Reporter: RR Putri Werdiningsih | Editor: Sanny Cicilia
KONTAN.CO.ID - Harga komoditas batubara terus melaju. Seolah tak puas dengan rekor tertingginya dua pekan lalu, harga batubara kembali menembus level tertingginya sejak 11 Juni 2013.
Mengutip Bloomberg, pada penutupan perdagangan (7/9) harga batubara kontrak pengiriman Oktober 2017 di ICE Futures Exchange tercatat menguat 0,1% ke level US$ 95,80 per metrik ton. Sedangkan jika membandingkan sepekan sebelumnya harganya sudah menguat 4,19%.
Deddy Yusuf Siregar, Analis PT Asia Tradepoint Futures melihat faktor permintaan menjadi sentimen positif yang menopang penguatan harga batubara kali ini. Sinyal penambahan permintaan terjadi pada tambang batubara di Queensland, Australia.

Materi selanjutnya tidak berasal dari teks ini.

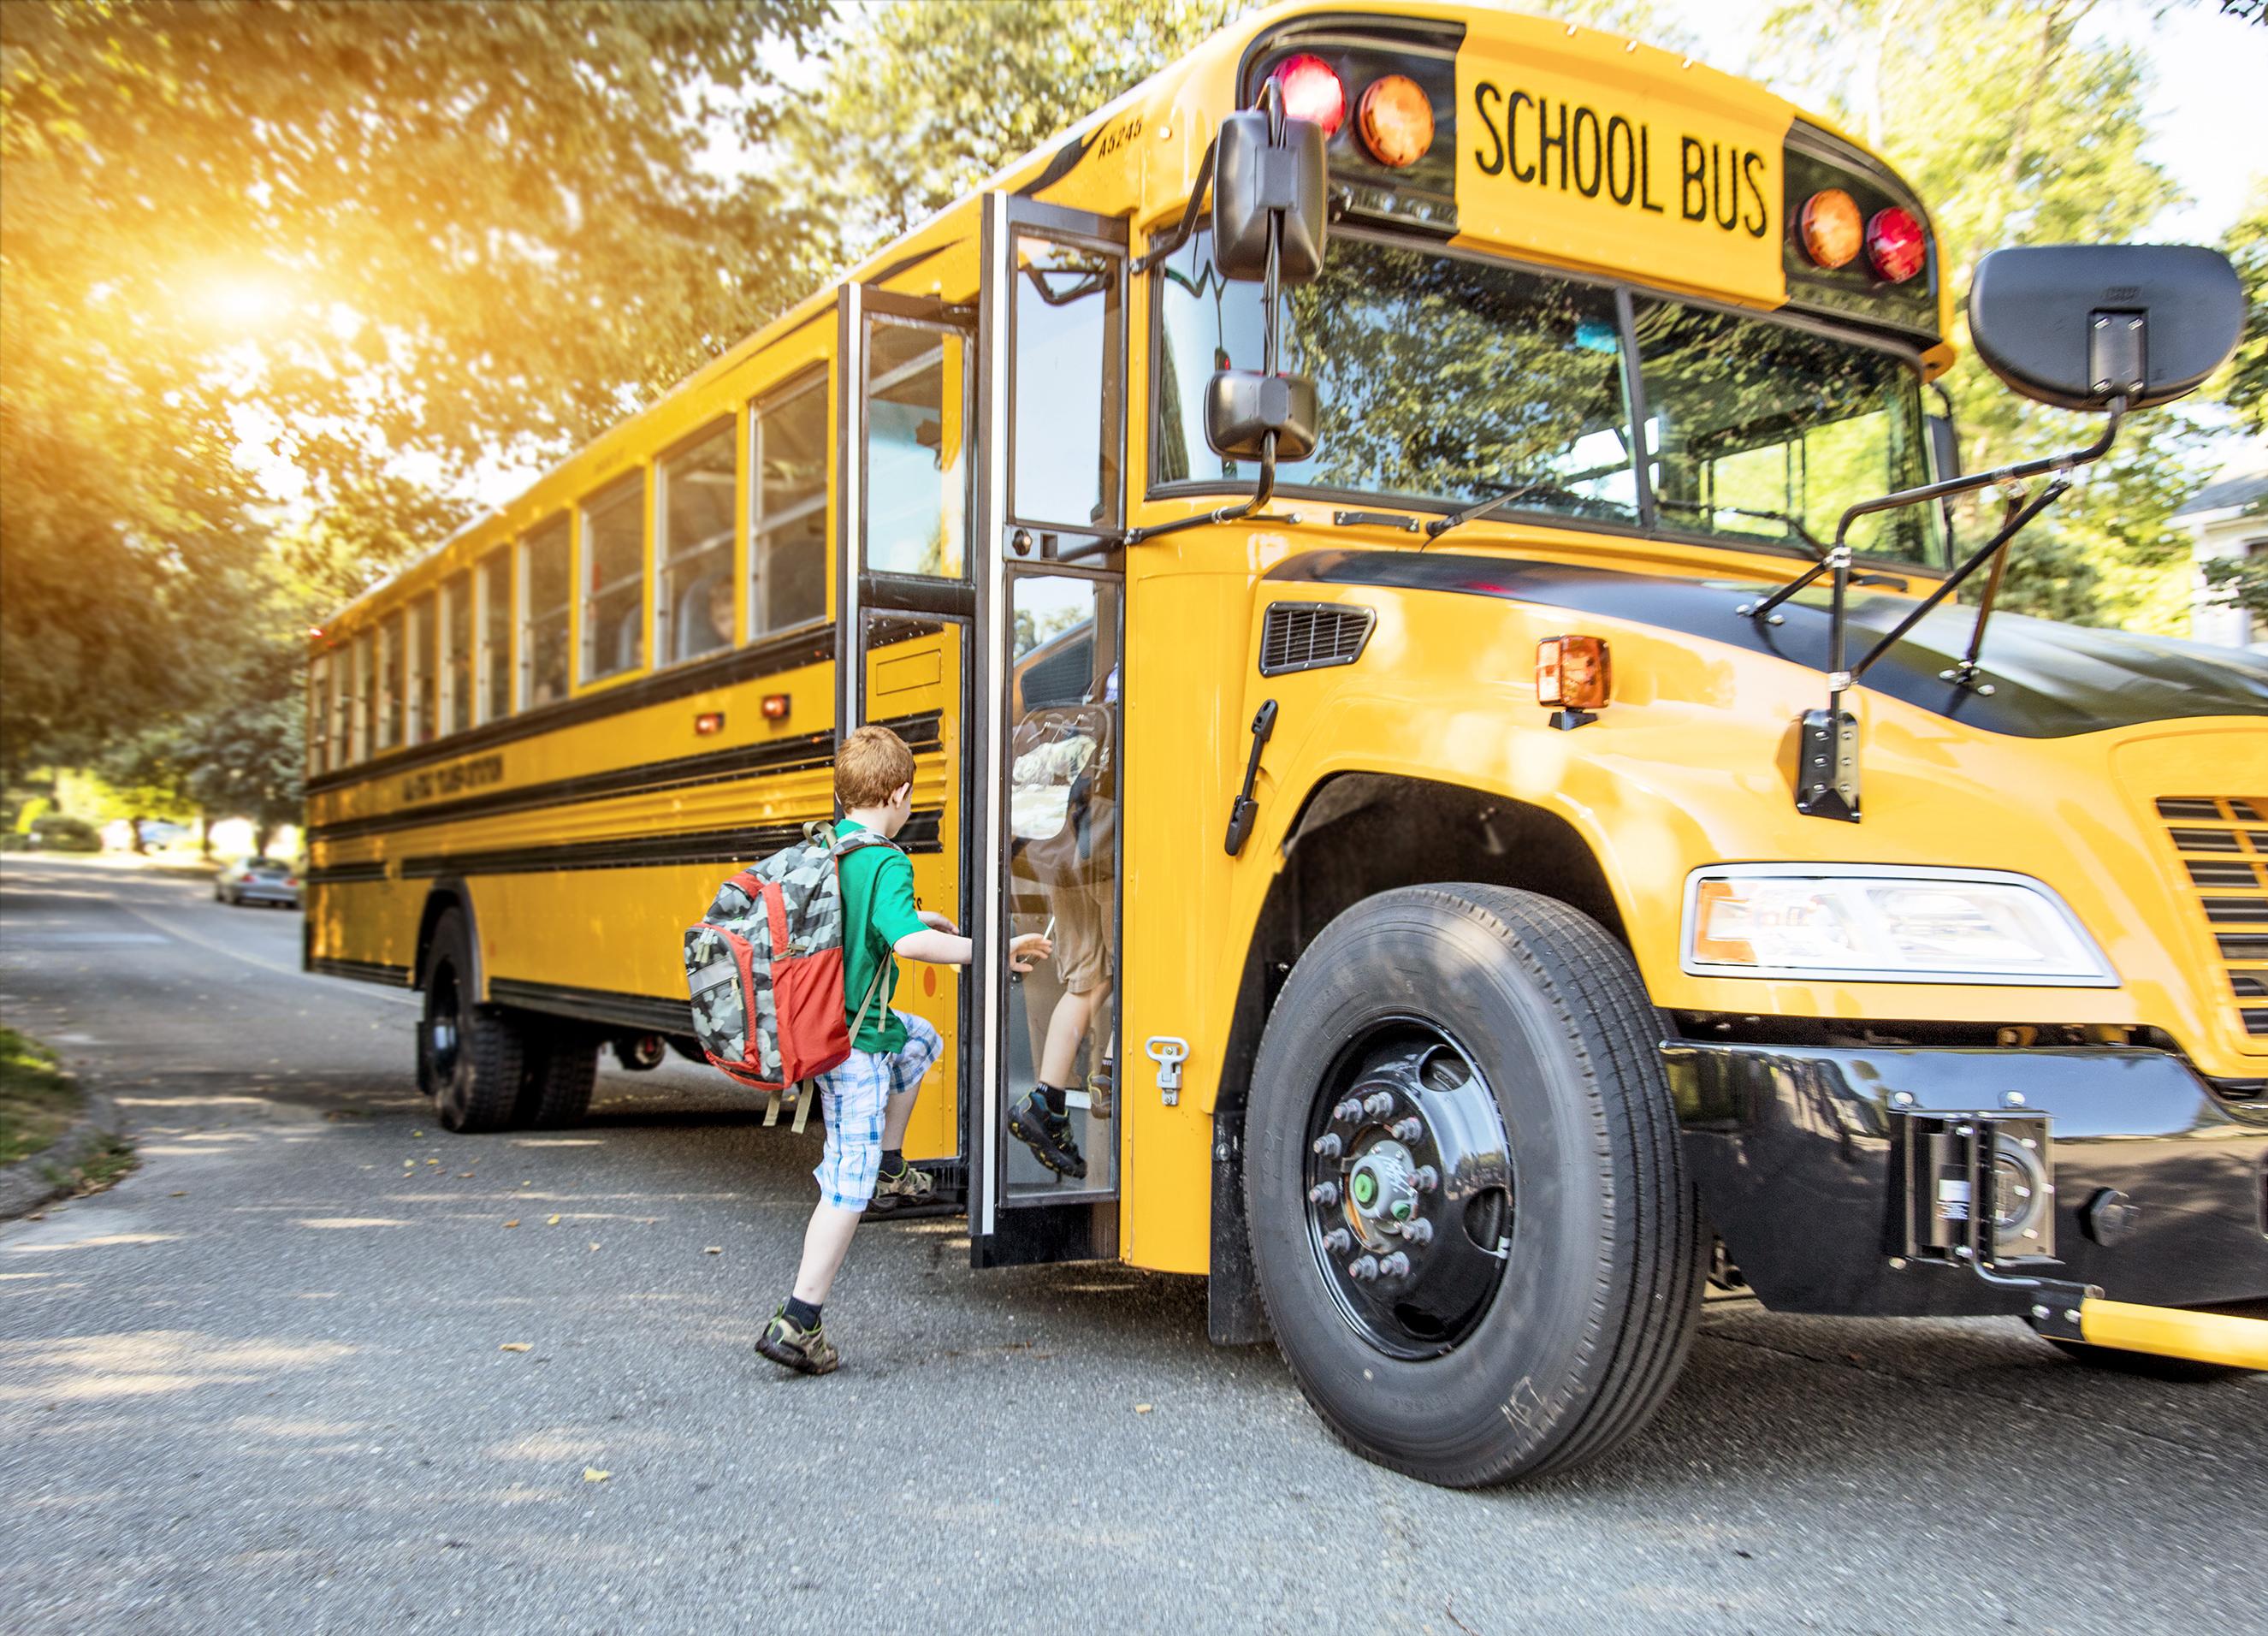 School Bus. Shutterstock

“Ekspor batubara Queensland bulan Agustus naik ke level tertinggi tahunannya yakni sekitar 13,44 juta metrik ton,” ungkapnya kepada Kontan, Jumat (8/9).
Menurutnya meskipun produksi batubara di Australia selama tahun 2017-2021 telah diproyeksikan akan meningkat 1,1% tetapi dengan tingginya permintaan harga masih tetap berada pada trend bullish. Sejauh ini Jepang tetap menjadi negara pengimpor terbesar batubara asal Australia di kisaran 31,1%. Angka tersebut jauh diatas jumlah impor China yang hanya mencapai 19,3%.

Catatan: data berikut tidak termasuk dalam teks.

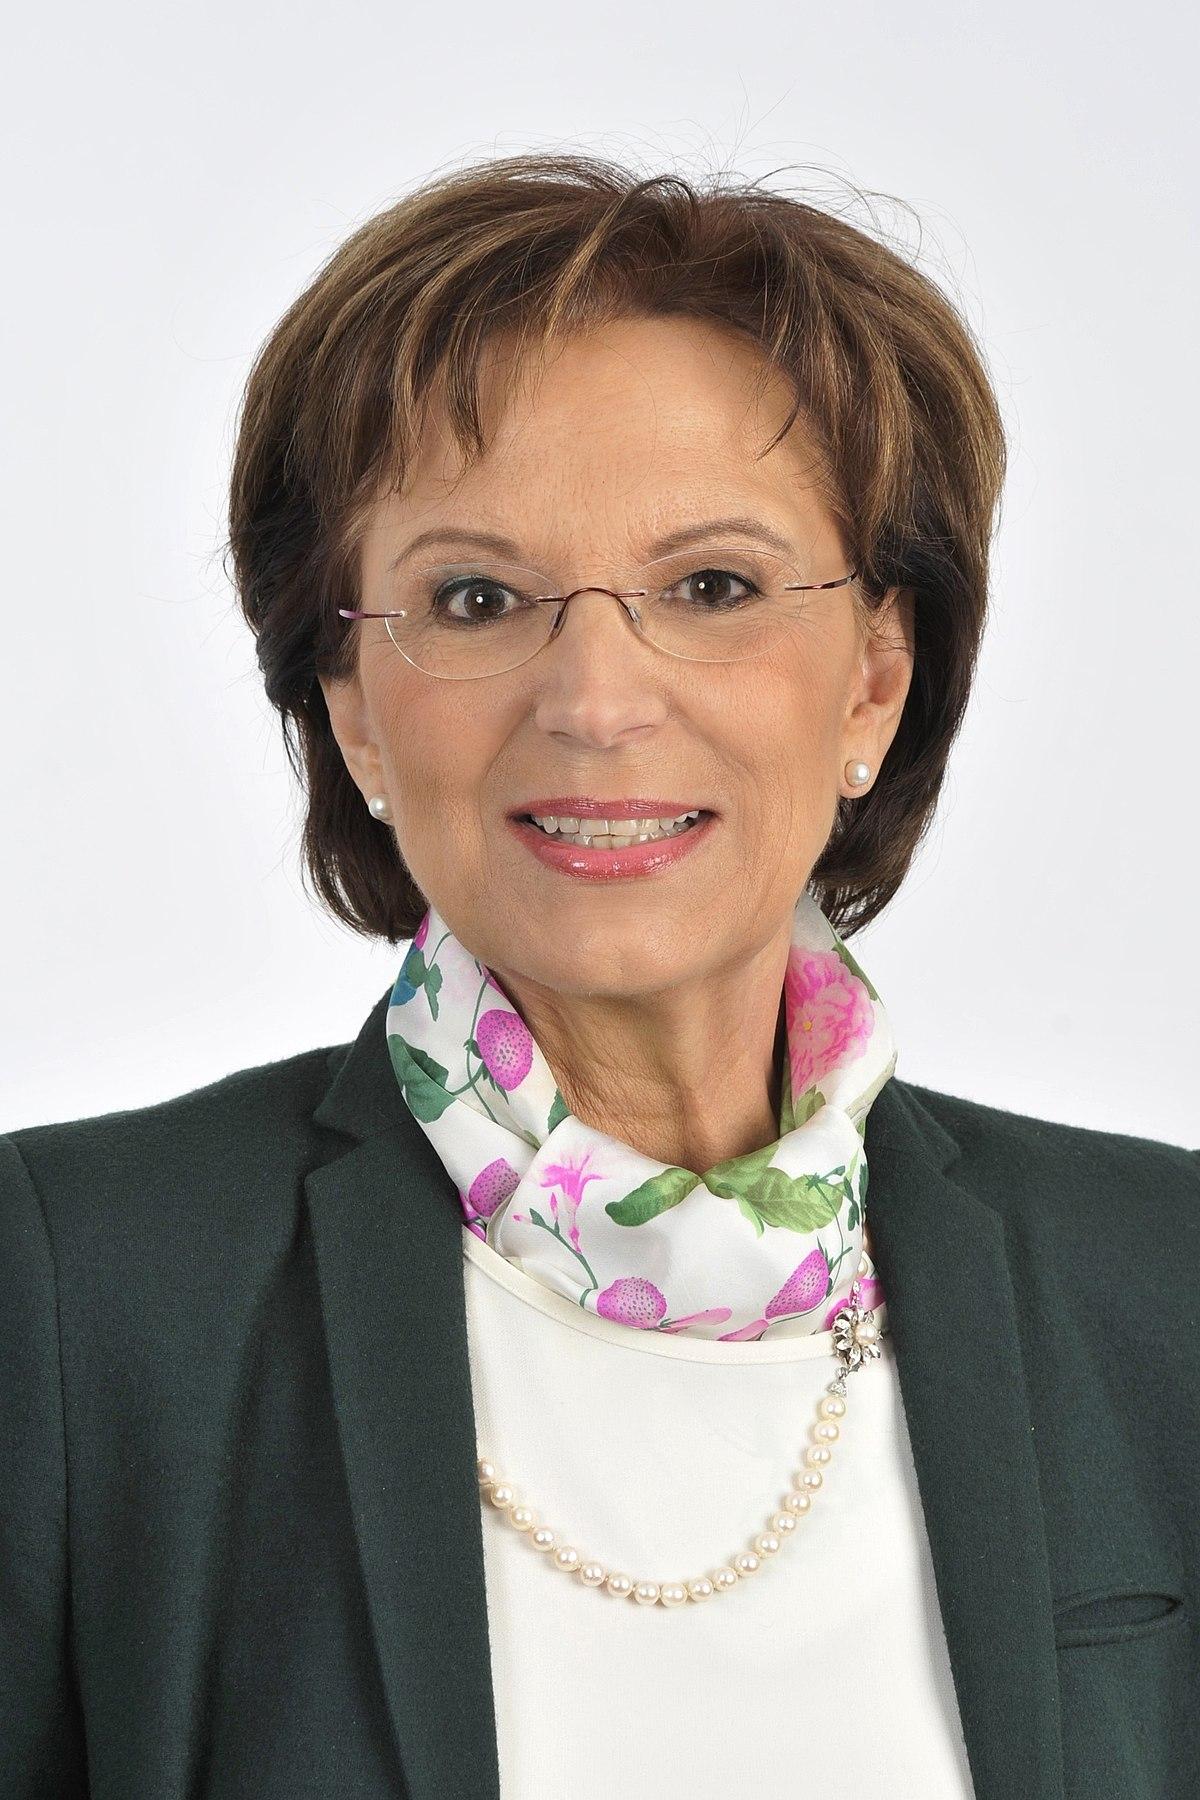 Emilia Müller –

Selain tingkat permintaan, sentimen positif lain datang dari melemahnya indeks dollar Amerika Serikat (AS). Mengutip Bloomberg, Jumat (8/9) pukul 16.00 wib indeks dollar jatuh 0,51% ke level 91,19. Greenback semakin tertekan lantaran kondisi dalam negeri dan geopolitik yang tidak menguntungkan.
“Melemahnya dollar berdampak pada harga batubara,” imbuhnya.
Di lain pihak, Wahyu Tribowo Laksono, Analis PT Central Capital Futures melihat penggunaan batubara yang tinggi di AS sebagai sumber energi juga turut melambungkan harga. EIA memproyeksikan selama tahun 2017 batubara akan menyuplai 31,3% listrik AS sedangkan gas alam hanya menyumbang 31%. Padahal tahun 2016 gas alam mengungguli batubara sebagai bahan bakar utama yaitu sekitar 33,8% dan batubara hanya 30,4%.
Ia menambahkan, penguatan batubara juga disokong dari permintaan baja yang terus meningkat. Produksi baja China di bulan Juli telah mencapai rekor bulanan baru ke level 74,0 juta ton atau 10,3% lebih tinggi dari bulan yang sama tahun lalu. Begitu juga dengan di AS. Menurut American Iron and Steel Institute (AISI) sampai 2 September kemarin produksi baja mentah naik 3.2% yaitu naik dari 59,025 juta ton menjadi 60,9 juta ton.
“Dalam produksinya baja membutuhkan batubara sebagai energi. Permintaan baja yang meningkat pastinya akan membutuhkan batubara lebih banyak,” tutupnya.
Kemudian dari sisi pasokan, batubara saat ini diuntungkan dari kondisi cuaca yang membuat arus distribusi batubara terhambat. Seperti dikutip dari Reuters, Pusat pengangkutan batubara terbesar di Cina Selatan yakni Pelabuhan Guangzhou baru saja menyatakan kalau kapasitas penyimpanannya sudah tidak mampu menerima kargo batubara akibat badai topang sejak akhir Agustus lalu.
Padahal pelabuhan tersebut memiliki 14 tempat berlabuh yang bisa menangani pengiriman hingga 60 juta ton batubara per tahun.